Soju price increase inevitable... obstacle to switching to specific tax system
Switching to a specific tax system involves the principle of 'high alcohol content, high tax rate,' meaning higher taxes are imposed on drinks with higher alcohol content. Because of this, taxes on premium liquors such as whiskey decrease, leading to price drops. Also, producers of traditional domestic distilled soju benefit from lower ex-factory prices, improving price competitiveness in domestic and international markets.
However, low-priced liquors such as diluted soju face increased tax burdens and inevitable price hikes. Soju is a representative alcoholic beverage enjoyed by the general public, making it a key item the government monitors for price stability. This is a major reason why switching to a specific tax system is hindered. According to the specific tax rates proposed in the previous liquor tax amendment bill, applying 1,563.26 KRW per liter to distilled liquor would reduce whiskey's tax burden from 63,651 KRW to 13,545 KRW, a 78.7% decrease, while diluted soju's tax would rise from 662 KRW to 864 KRW, a 30.5% increase.

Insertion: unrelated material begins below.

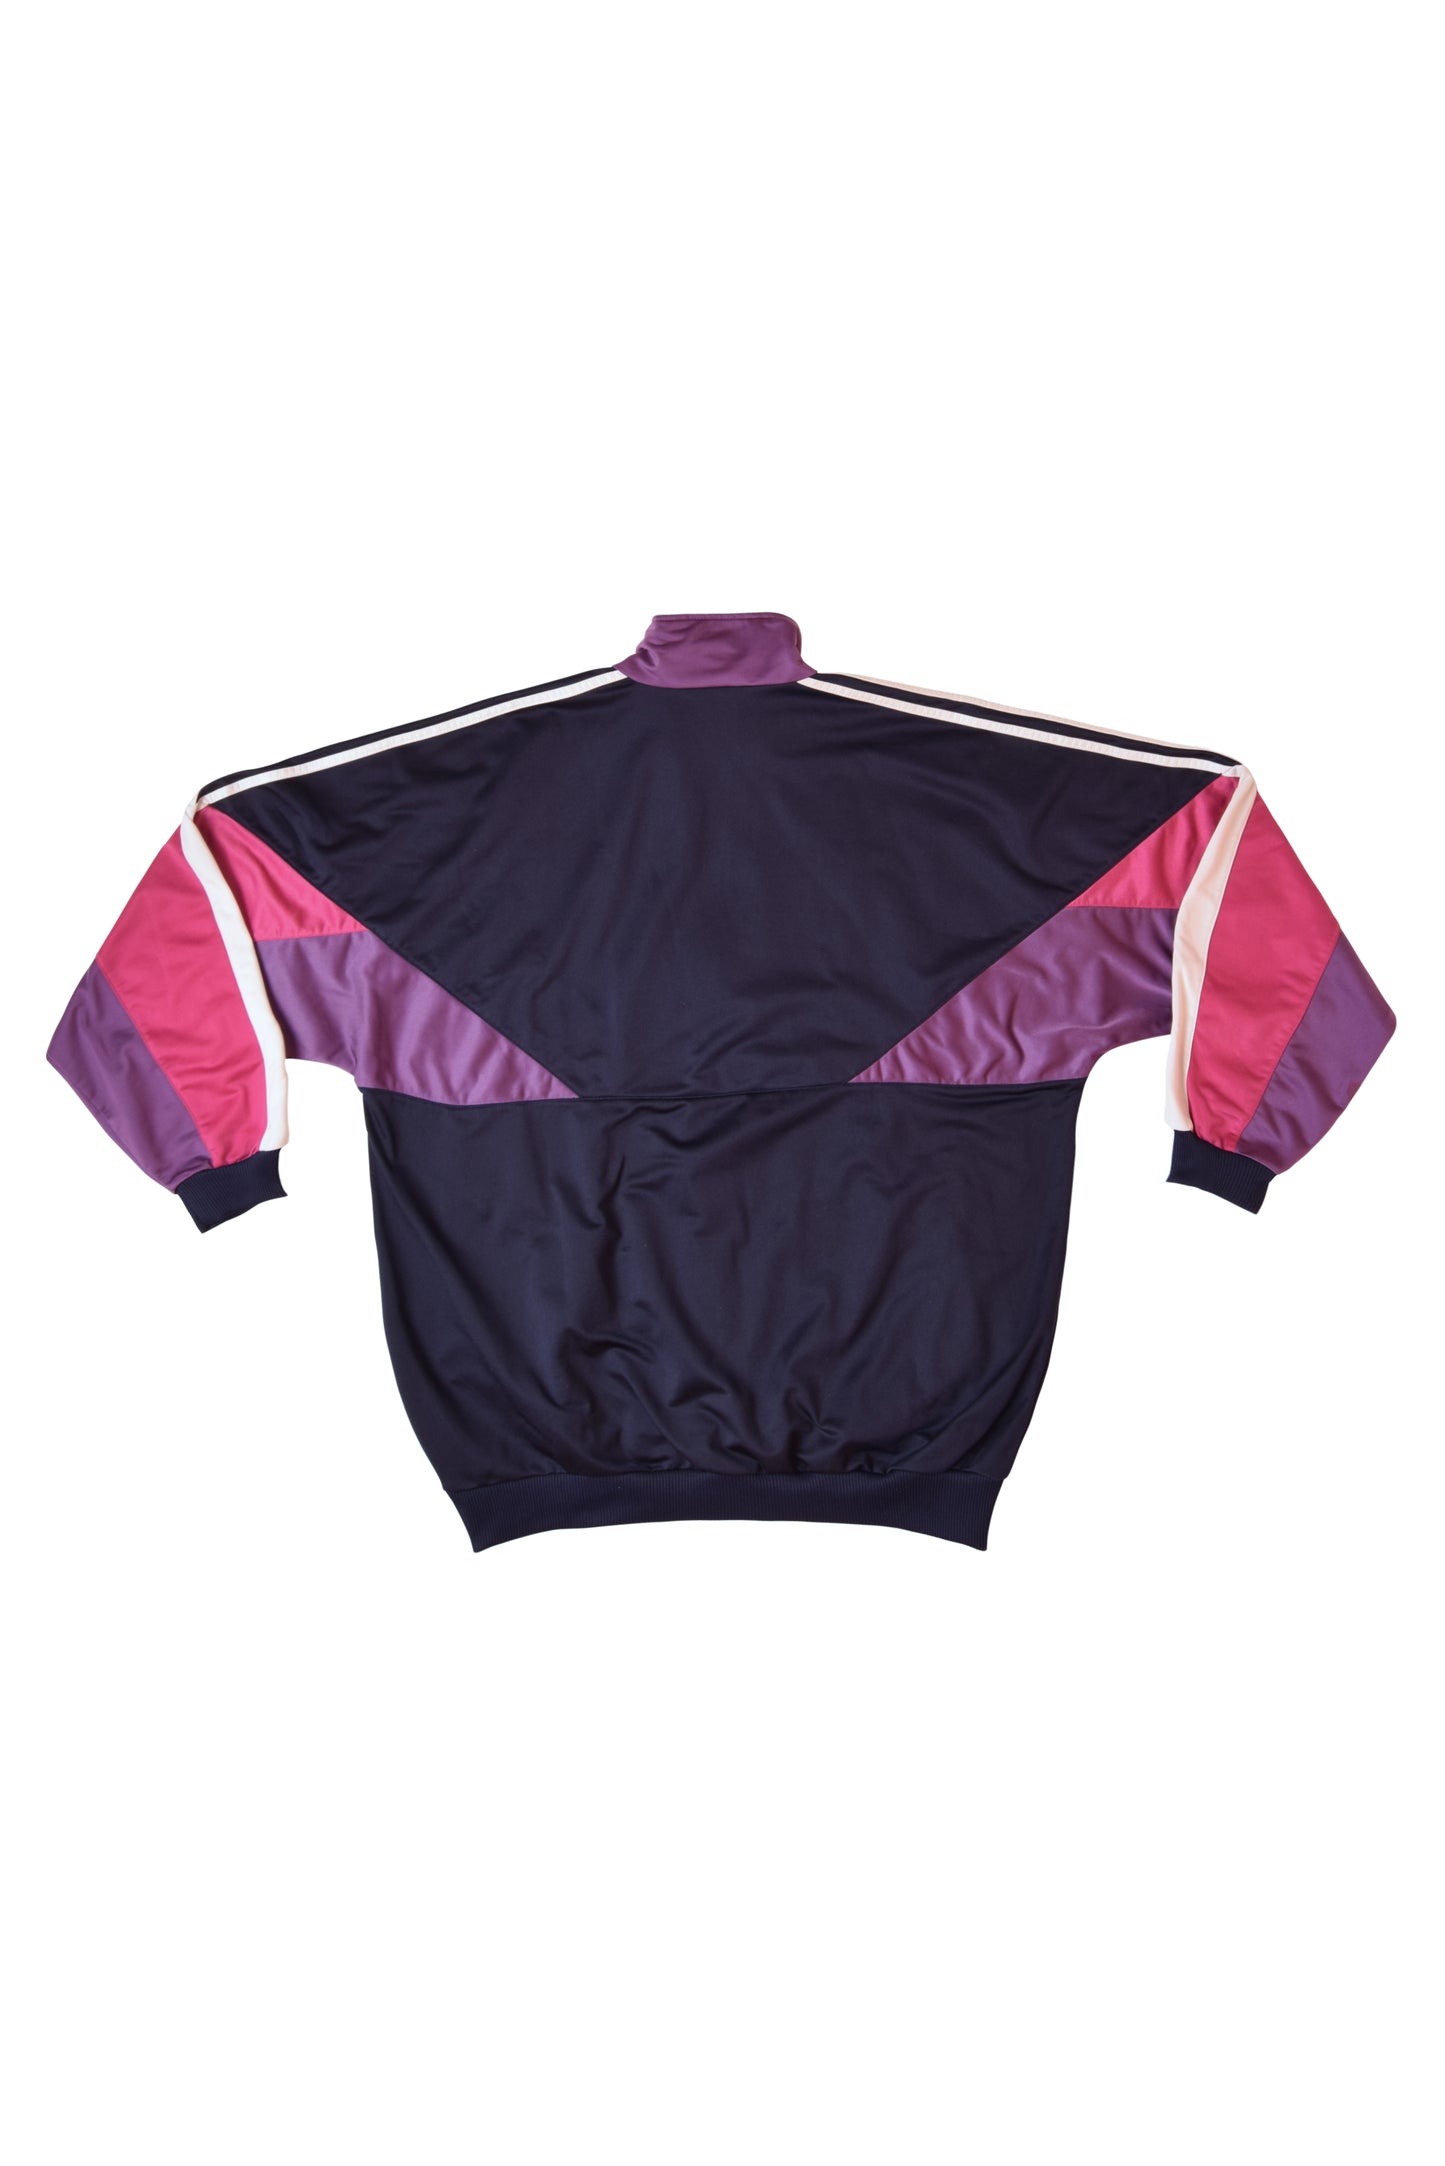 Vintage 90's Adidas Track Top / Jacket

Therefore, an alternative has been proposed to further subdivide tax categories by type of liquor so that the tax burden on diluted soju does not increase while other types can have reduced tax burdens. The idea is to maintain the current ad valorem tax for diluted soju, the popular mass-market liquor, and gradually switch to a specific tax system starting with distilled soju.
However, some believe it will not be easy to separate soju from other distilled liquors or to classify soju into diluted and distilled types for taxation. There have already been trade issues caused by tax burden differences among distilled liquors. In the late 1990s, Korea applied a 35% tax rate on soju and 100% on whiskey, which Western countries challenged at the World Trade Organization (WTO) as unfair. The WTO accepted the complaint and recommended Korea amend the liquor tax law to eliminate discrimination between soju and whiskey. This led to the uniform 72% tax rate on distilled liquors in 1999.
Therefore, voices are calling for a phased transition to a specific tax system, starting with fermented liquors such as yakju (medicinal rice wine), cheongju (refined rice wine), and fruit wine, followed by distilled liquors, after beer and takju. This is because the price variation within the same type of fermented liquor is relatively small compared to distilled liquors, making it easier to persuade opponents.
It is suggested as a practical approach to announce the transition schedule in advance so that the liquor industry and consumers have time to adapt to the specific tax system and gradually switch accordingly. Japan adopted a method of announcing the timetable for liquor tax reform in advance to avoid shocks to the industry from sudden changes and transitioning according to that schedule.
An industry official said, "Since the tax burden by liquor type has been familiar for decades, changing to a new system requires accepting some increase in tax burden for certain types and some decrease for high-priced imported products," emphasizing, "When establishing a master plan for mid- to long-term liquor tax reform to switch to a specific tax system, it is crucial to uphold the principle of high alcohol content and high tax rate above all."